How to deal with a very big hash table?

Question

I'm building an implementation of the dynamo paper, yottastore. Given a key, I need to find which NVMe block stores the data. To do that I hash the key to find the shard where I have an in memory array in which at position [hash] I can find a struct with:

• 32 bit hash (needed for resizing)
• 64 bit pointer to NVMe block
• 32 bit of metadata

The random storage node is: 48 core cpu, 1 tb ram, 24*16 tb SSD

At 128 bit per key-value, it's 64 GB of ram per 16 TB disk, or 1.5 TB of ram in total, way too much.

How could I deal with this?

Options I envisioned:

• Using a btree, but it will make access much slower, and I still have 96 bit of records to deal with

• Pointer compression: I could divide the disks in zones of 256 mb, so for each record I will only need a 16 bit offsets instead of 64 bits. I would also need to store a a 64 bit start for each zone in a separate hash table

• I could mix the approaches, storing a btree to find the zone, and then having an hashmap with offsets

Any other ideas? The array already persists on disk with a LSM tree, I would like to have an in memory copy for fast access.

Answer 1

I am not familiar with yottastore or how NVMEs work. However, let's assume the following (correct me if I am wrong):

You have:

• 64 bit pointer
• 32 bit of metadata

You don't need the hash, I assume, that was only part of your proposed solution?

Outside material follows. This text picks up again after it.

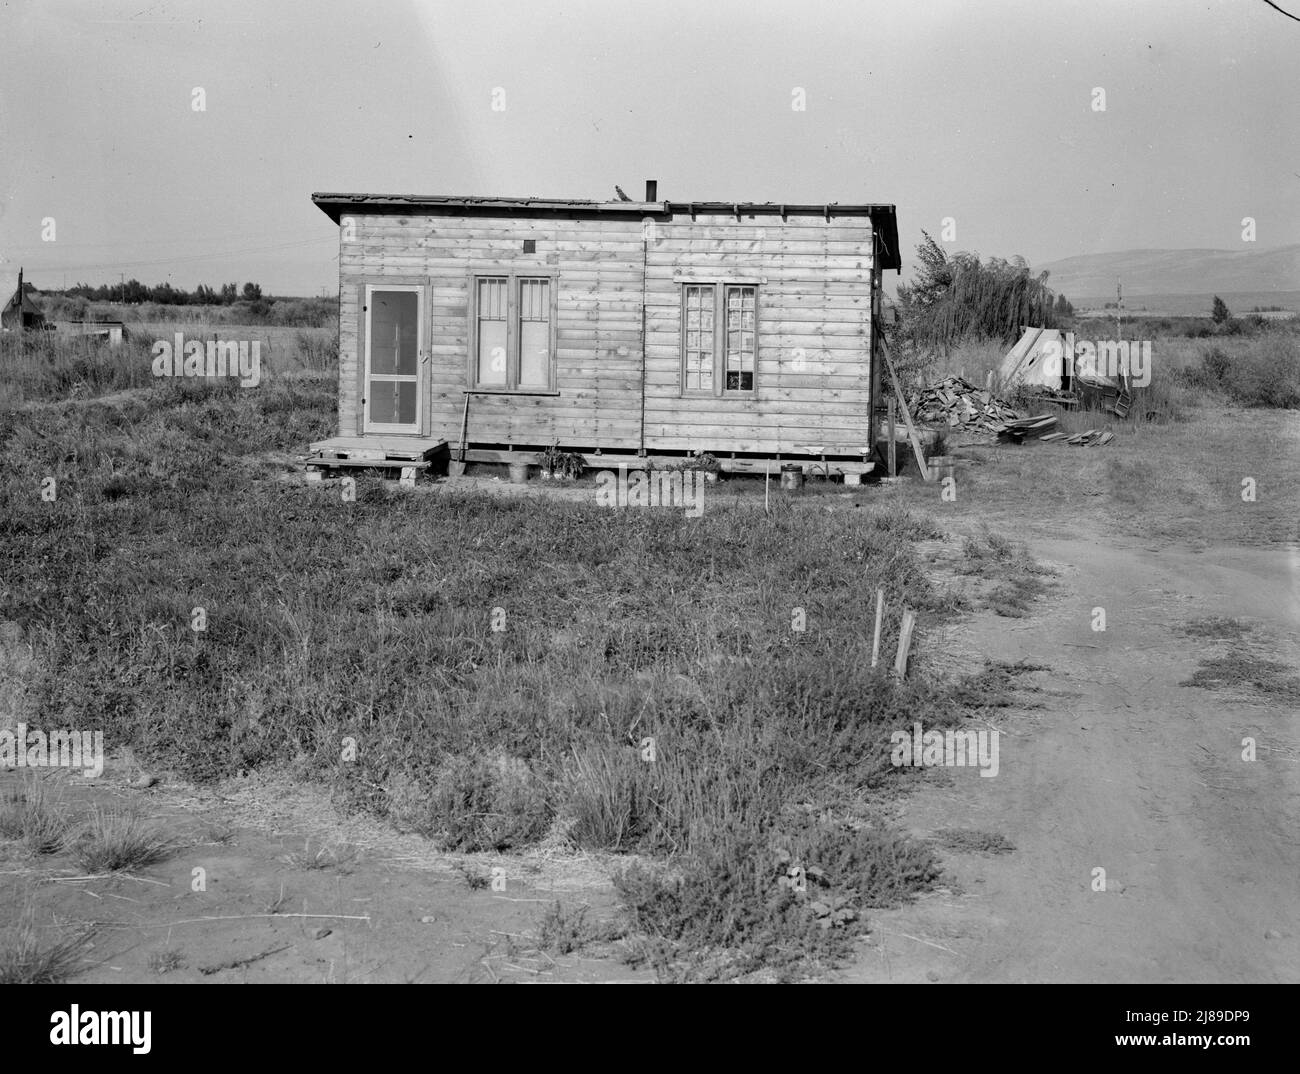 Washington, Yakima. Les maisons sont construites un peu à l'autre avec tous les matériaux disponibles. De nombreux réfugiés touchés par la sécheresse s'installent dans le parc Sumac, l'une des grandes villes limitrophes de Yakima. Banque D'Images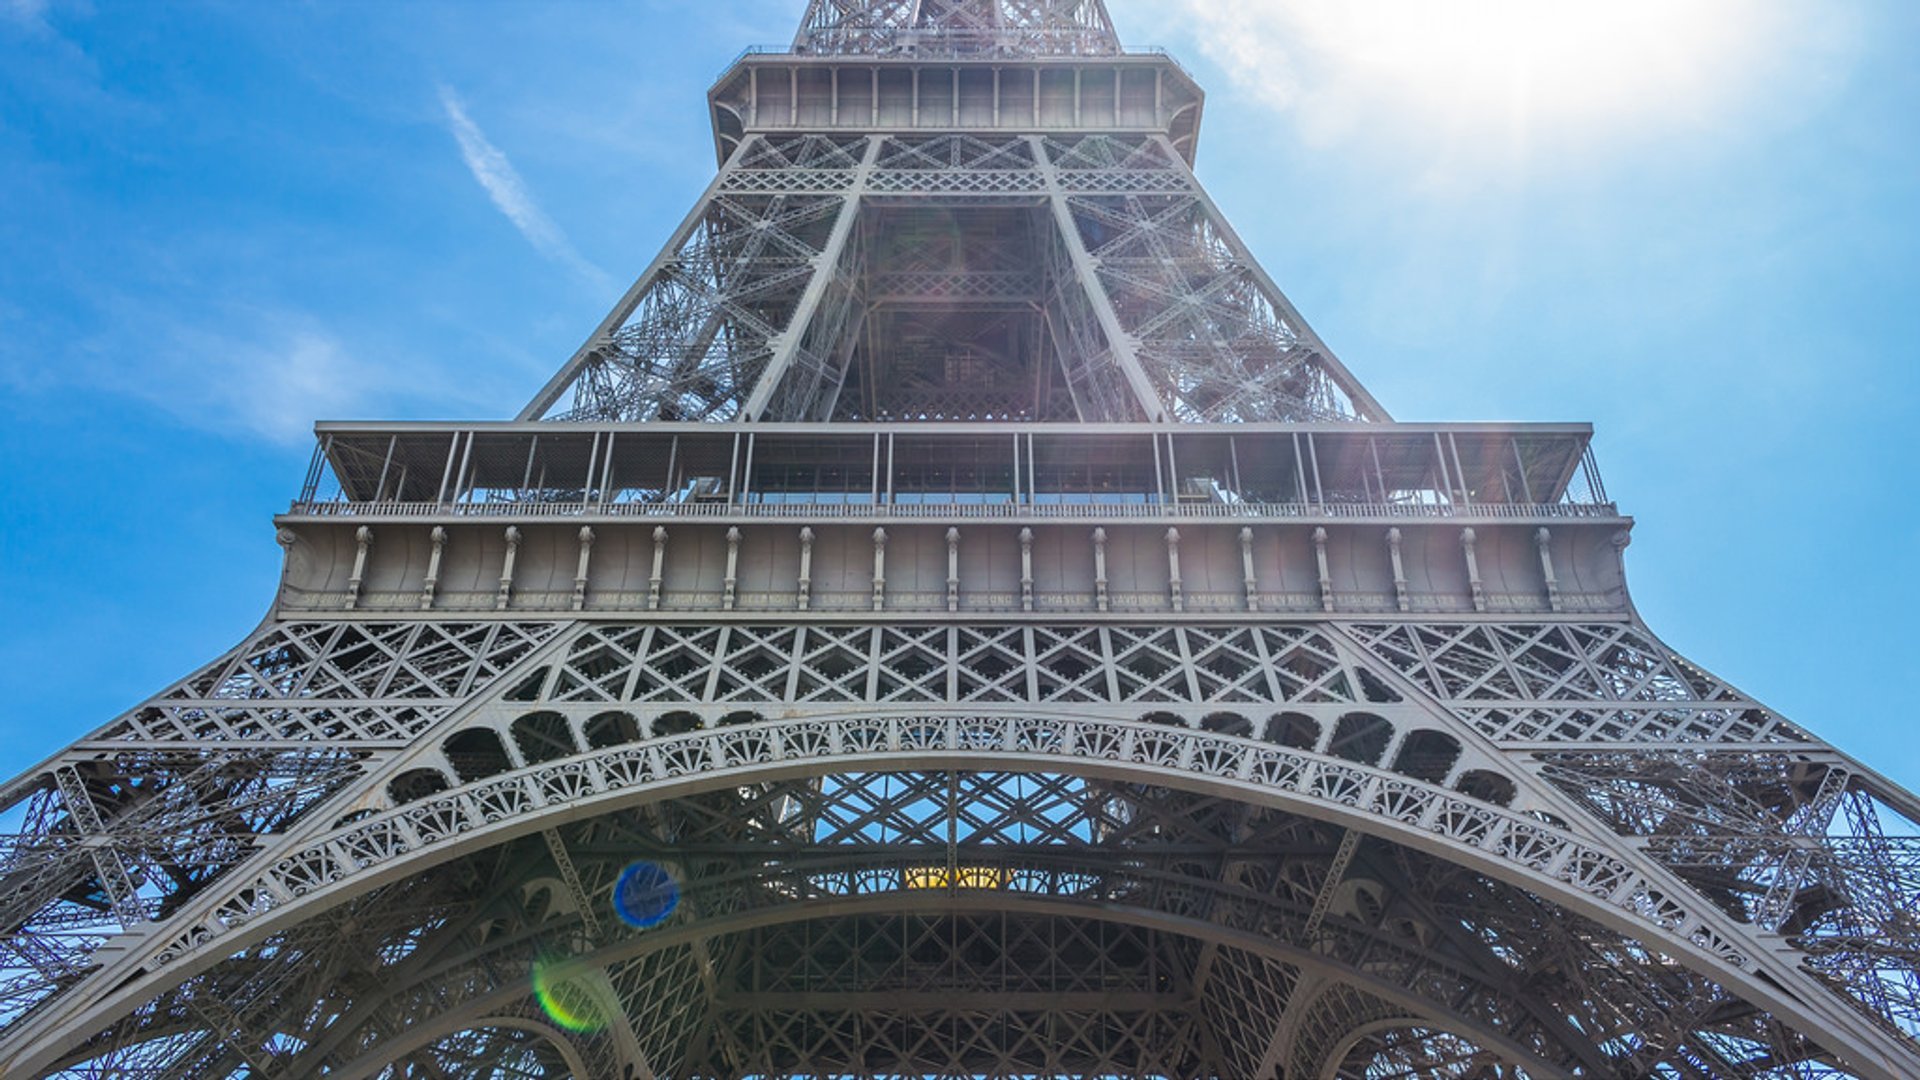 https://images.rove.me/w_1920,q_85/knmh8hr1v11vvkjqqa5n/paris-repainting-the-eiffel-tower.jpg

Instead of a normal btree you could use a critbit tree.

Critbit trees are like btree but the key (= 64bit pointer) is not stored in full. Instead, for all entries whose keys share a common prefix, this prefix is stored only once in memory. E.g. with 8 bit keys, k1=0100010 and k2 = 01000100 there would be one node that stores the common 5 bit prefix 01000 and that has two children k1=010 and k2=100. That way you store only 5 + 2x3 = 11 bits instead of 2x8=16.

As a result you have to store probably only 16-32 bit per pointer + 32bit metadata.

Another big advantage is that you never need rehashing or rebalancing of any sort, that means lookup times and insert/delete times are very predictable. Concurrency can be implemented with a copy-on-write scheme that copyies only one node.

Variant: >2 children per node I think a classic critbit tree has only two children per node. As an optimization (faster & less memory overhead) you can try to split with 2 or more bits per node, i.e. 4 children (or 8 children for 3 bits).

Variant: Prefix sharing btree Just like a normal btree with "n" entries per (leaf) node, but for each leaf node you determine the longest common prefix dynamically and store the for each entry only a 32bit or 16bit value (assuming that all entries in a node typically have a common 32bit or 48bit prefix).

I have an critbit implementation in Java available here.

Answer 2

For each 16 TB ssd, you have 40 GB of RAM. I don't know the prices of server-grade hardware, but with consumer-grade one, 40 GB RAM is about \$100, while 16 TB SSD is about \$1000.

Maybe you just need to make a more balanced system instead of spending money on developers in order to make a small economy on hardware?